Understanding Exchange Rates for Business
Exchange rates have a direct impact on businesses and there are many factors that affect exchange rates. It is therefore essential to gain a good understanding of these factors to help mitigate possible risks and develop a successful FX plan for your business.
What affects exchange rates?
Exchange rates are relative; they are manipulated by governments as a measure of economic control, and they are related to the trading relationship between two countries.
There are 8 factors that can impact exchange rates:
- Rates of inflation or deflation
- Monetary policies
- Fiscal policies
- Political and economic conditions
- Commodity prices, especially oil
- Interest rates
- Unemployment rates
Inflation and Interest
Inflation rates can affect exchange rates. As a country’s inflation rate rises, the currency rate typically drops; if a country’s currency rate is lower than their trading partners, it can affect the price of goods and services that are exported and imported. The reverse is also true; a lower inflation rate can be followed by an increase in the country’s currency rate value, which would mean that exported goods would cost more with trading partners, while imported goods would cost less.

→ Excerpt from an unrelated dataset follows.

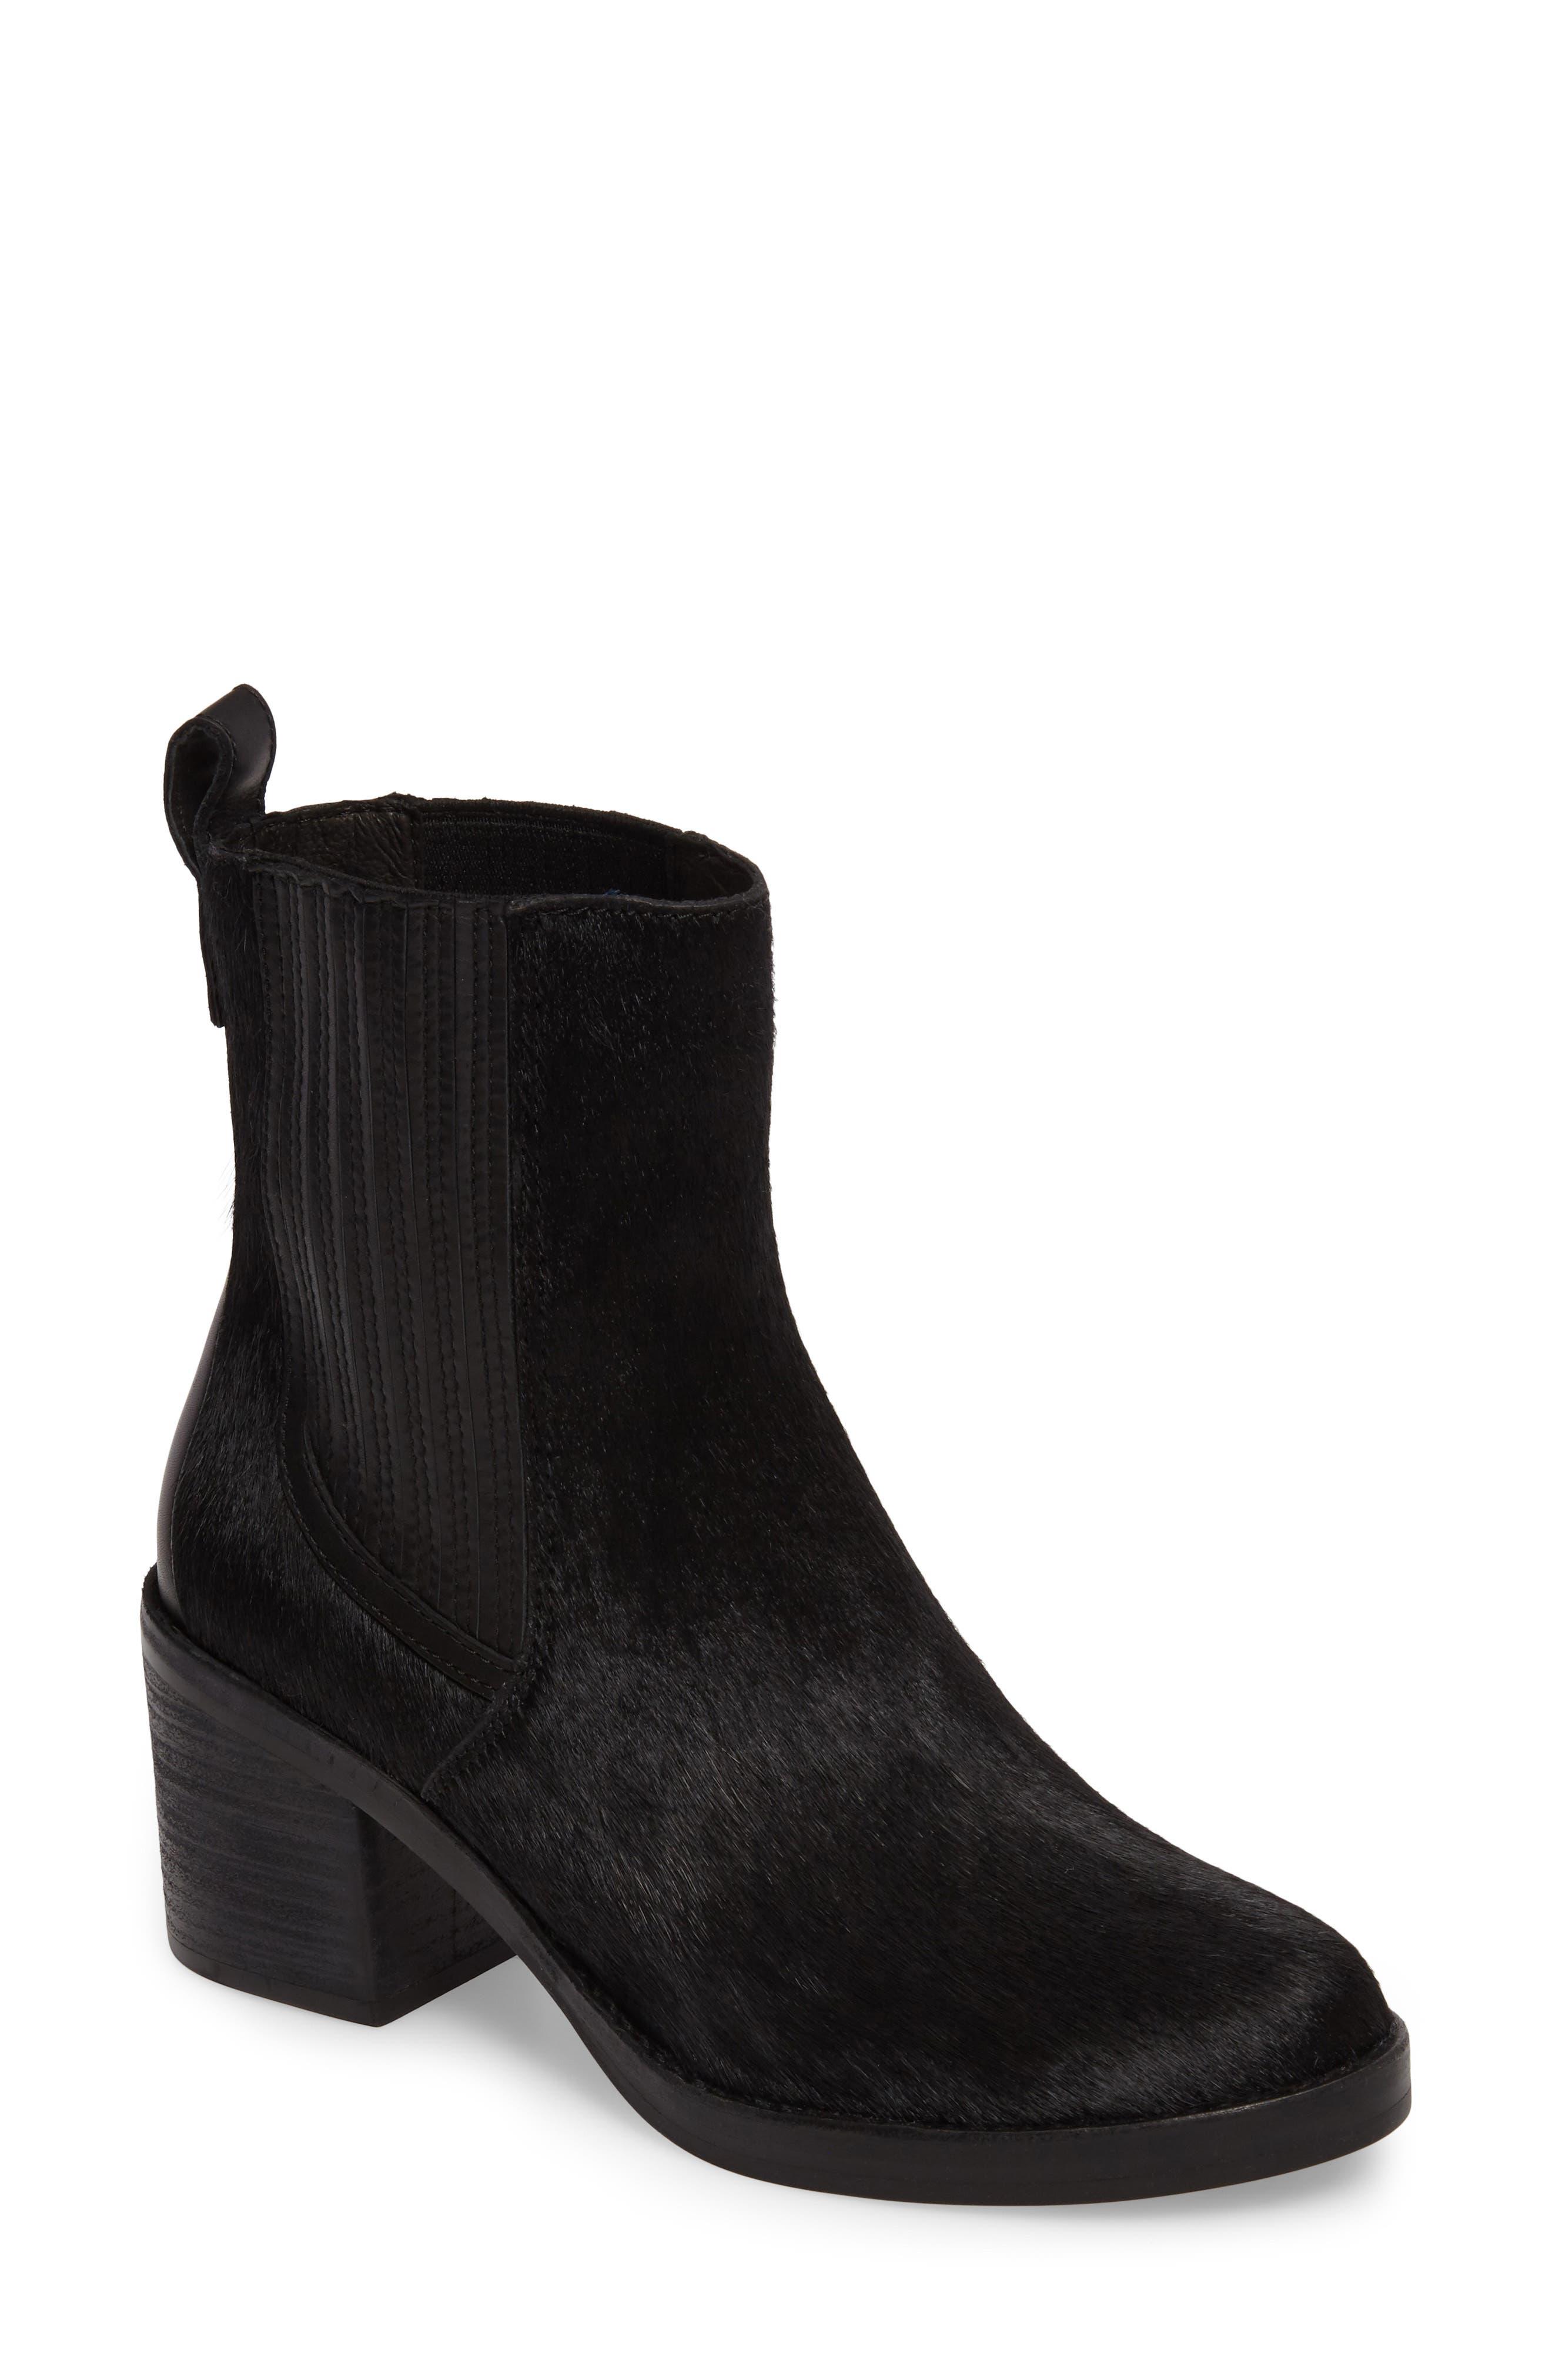 Camden Genuine Calf Hair Chelsea Boot,                             Main thumbnail 1, color,                             Black Calf Hair Leather

Every element of the economy is connected, and what affects one element often affects the other. Interest rates can impact exchange rates and inflation. Central banks manipulate interest rates to help balance inflation and exchange rates to stop a country from extreme fluctuations that can have a negative effect on a country’s economy. Higher interest rates provide lenders with a higher return, which typically attracts foreign capital and causes a higher exchange rate. Lower interest rates often cause lenders to move their capital to a country with a higher interest rate, which can cause the value of the currency to fall.
Monetary policy is the process that the central bank or currency board uses to control the supply of money, often targeting an inflation rate or interest rate to ensure price stability and general trust in the currency. A country’s monetary policy typically determines the actions of the banks. The policy includes modifying interest rates, buying and selling government bonds, and changing the amount of money banks are required to keep in reserve. Behind all falling and rising inflation and interest rates, there is a monetary policy guiding those rates.
If a country’s GDP is strong, the value of its currency tends to rise, and the opposite is also true; a weak GDP can cause the currency to be worth less. If the demand for the product(s) exceeds the supply, the exchange rate typically rises in value. For instance, reports that the US expanded 1.0% in Q3 (and not the 0.6% that was forecast) immediately boosted the US dollar, benefiting people that planned to exchange US dollars for other currencies.
When government spending or taxes are used to grow or slow down the economy, it often affects the exchange through income changes, price changes, and interest rates.
Political and economic conditions
If a country is unstable politically, it can indicate the beginning of problems with imports and exports, and can cause investors to lose confidence in the currency. This can result in investors moving their investments out of a country. Political turmoil can also impact trade, which impacts currency values.
Commodity prices, especially oil
Economic growth and exports are frequently the direct result of a country’s domestic industry. Generally, a country will keep their exchange rate lower if they want to encourage the export of domestic product. Oil is a key commodity and as it rises and falls it can impact all other commodities and, subsequently, currency rates.
If unemployment figures are high or rising, the Central Bank usually does not want to increase interest rates. In fact, they may cut interest rates to relieve the extra financial difficulties that a high unemployment rate has on the economy.
You can mitigate your risk with fluctuating exchange rates by following these steps:
Find out what the current exchange rate is and compare the rates and fees offered by banks and other providers. You can manage foreign exchange risk by setting a budget for the year. You will need to provide your Currency Specialist with details such as, the number of trades and possible time frame of each transaction.
Consolidating foreign currency transactions will help determine the financial position of an operation and can be included in financial statements. Currency fluctuations should be included because this exposes the gains and losses made.
How to protect against changing exchange rates
To help protect your financial exchanges there are a few steps you can take to mitigate the risk of fluctuating rates. Building a foreign exchange strategy will help determine which type of transaction agreement works best for your business. Spot orders, market orders and forward contracts can work together as part of an integrated strategy.